**Exercise**:
Take the line with "Hochzeitsfotograf Monzernheim: freie" and every line after it, through the end of the listing, and give them again exactly, pictures excluded.

**Dataset extract**:
◆ ◆ ◆

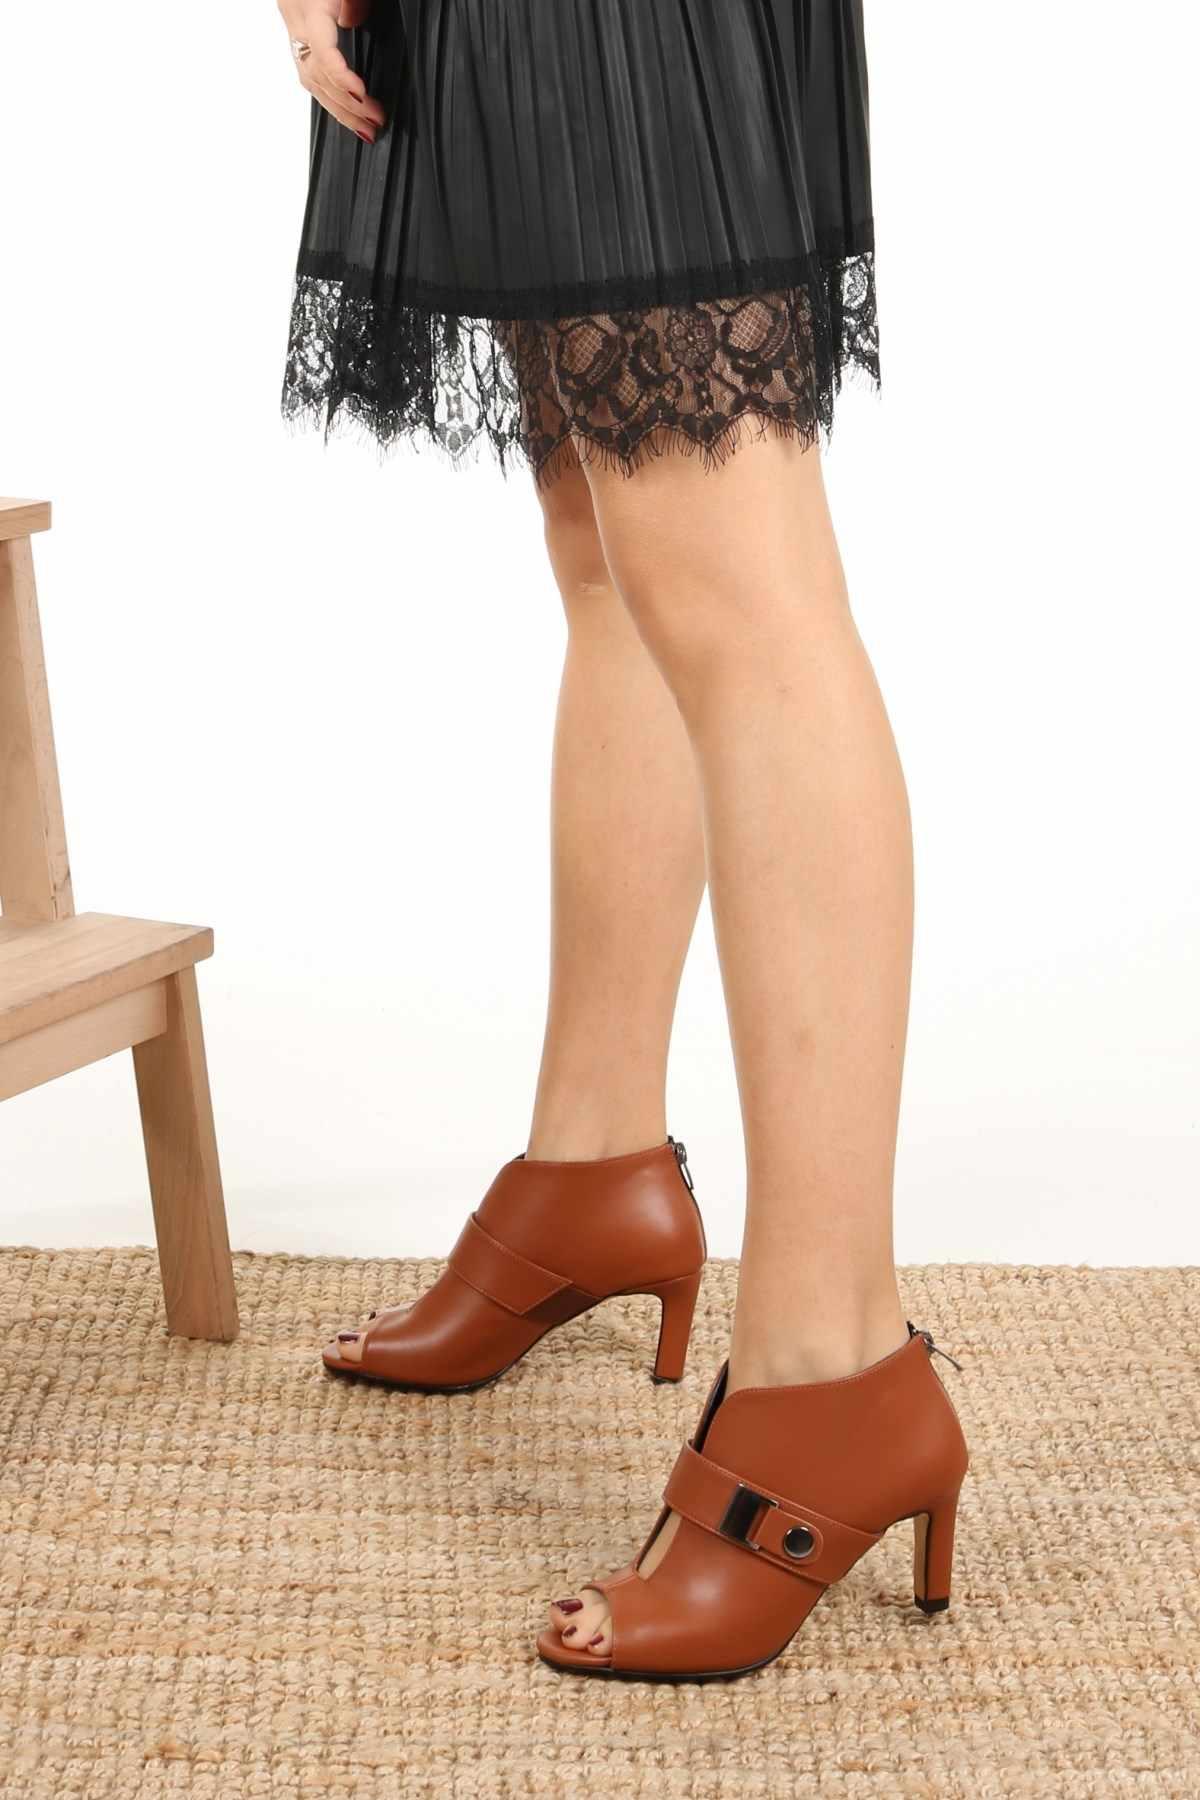 """Diaz Đen và Tân Ngắn Gót Bootie Đế Nữ Giày Nữ Zapato de Mujer """"Tacon Giày Nữ Gót Nhọn Nông Máy Bơm"""
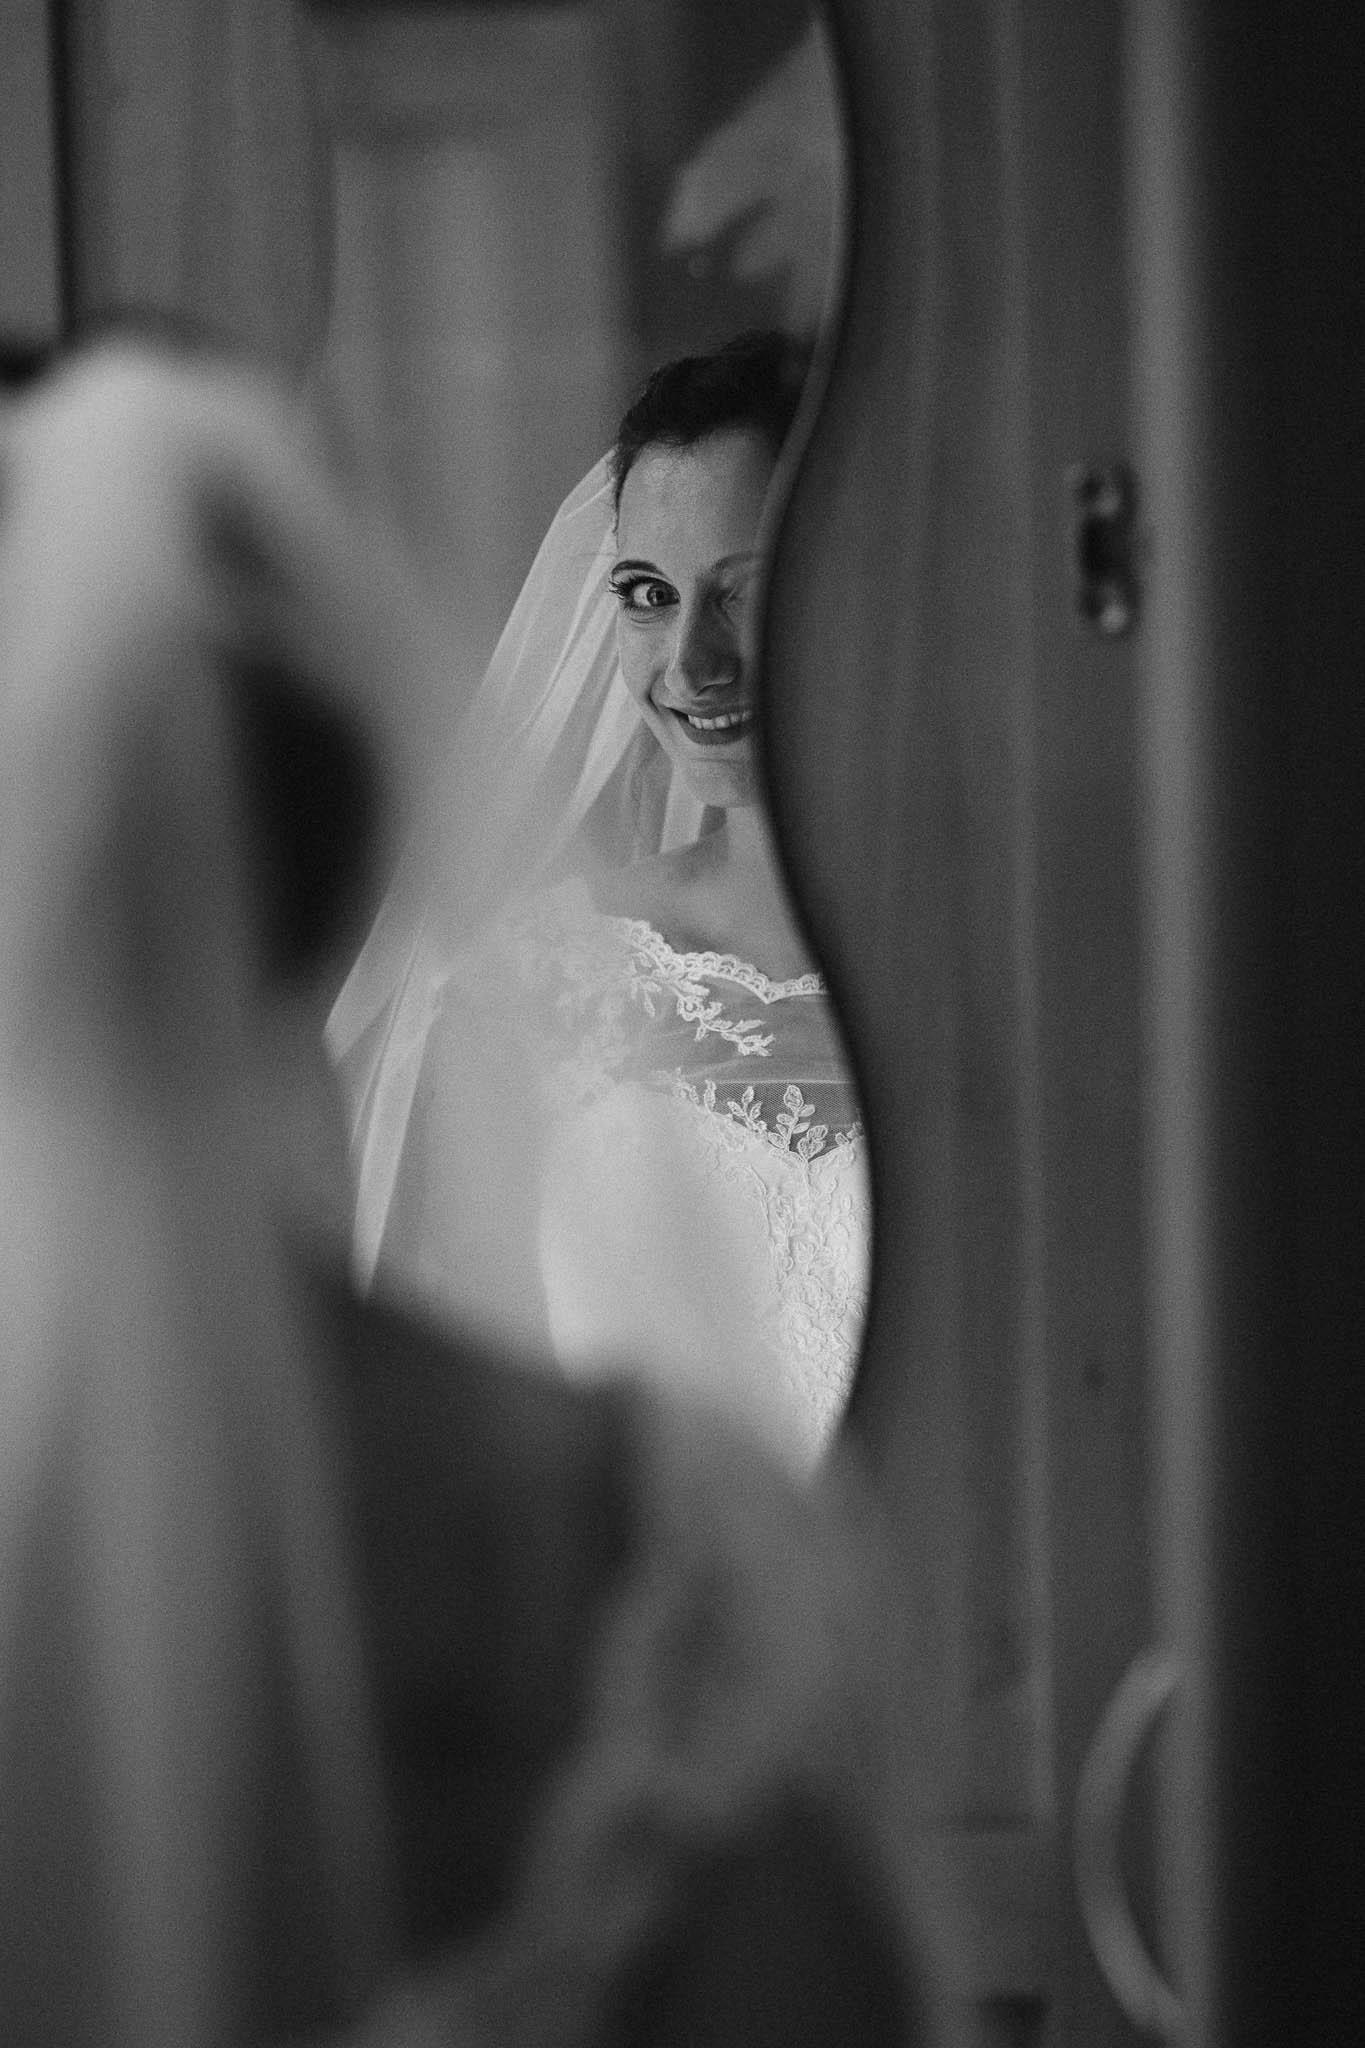 Hochzeitsfotograf Monzernheim: freie Trauung von Sarah & Patrick 12
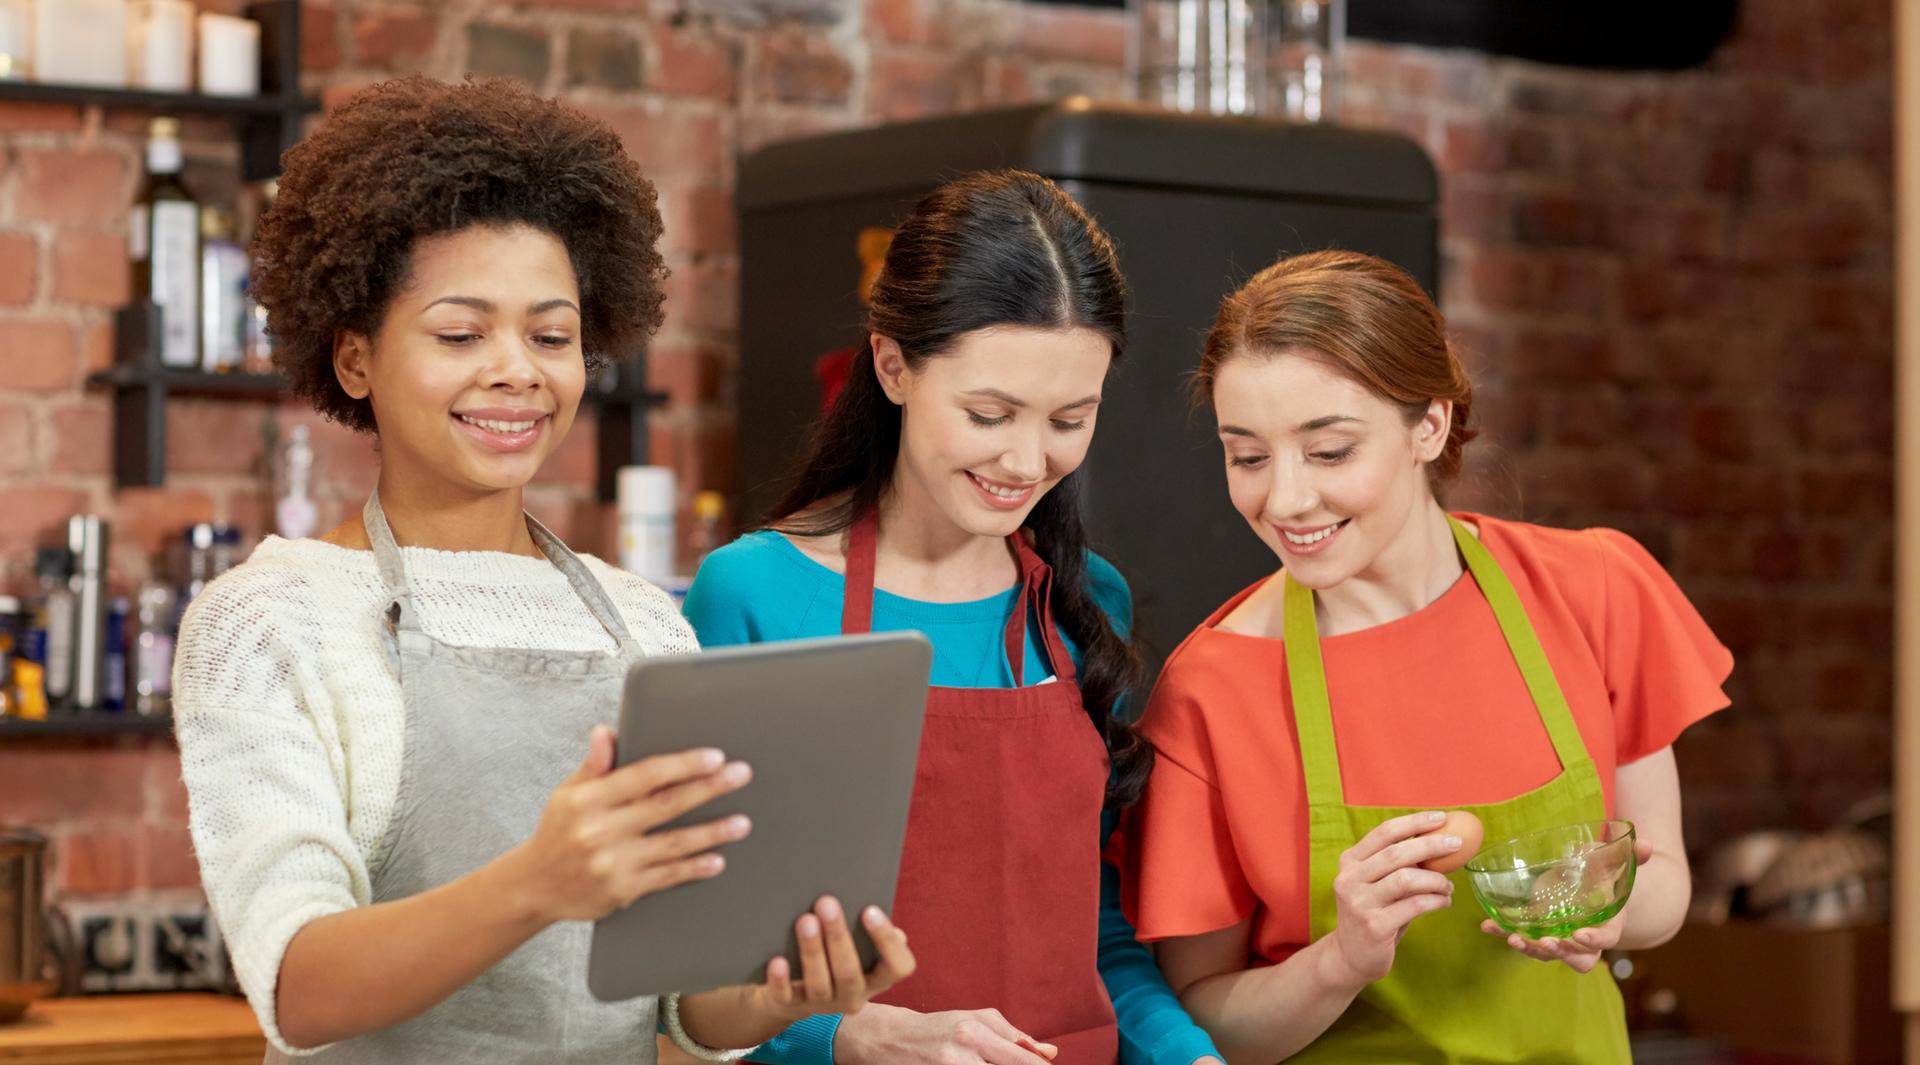 Las 13 Ventajas de Implementar las Nuevas Tecnologías en tu Negocio

◆ ◆ ◆

**Answer space**:
 Hochzeitsfotograf Monzernheim: freie Trauung von Sarah & Patrick 12
 Las 13 Ventajas de Implementar las Nuevas Tecnologías en tu Negocio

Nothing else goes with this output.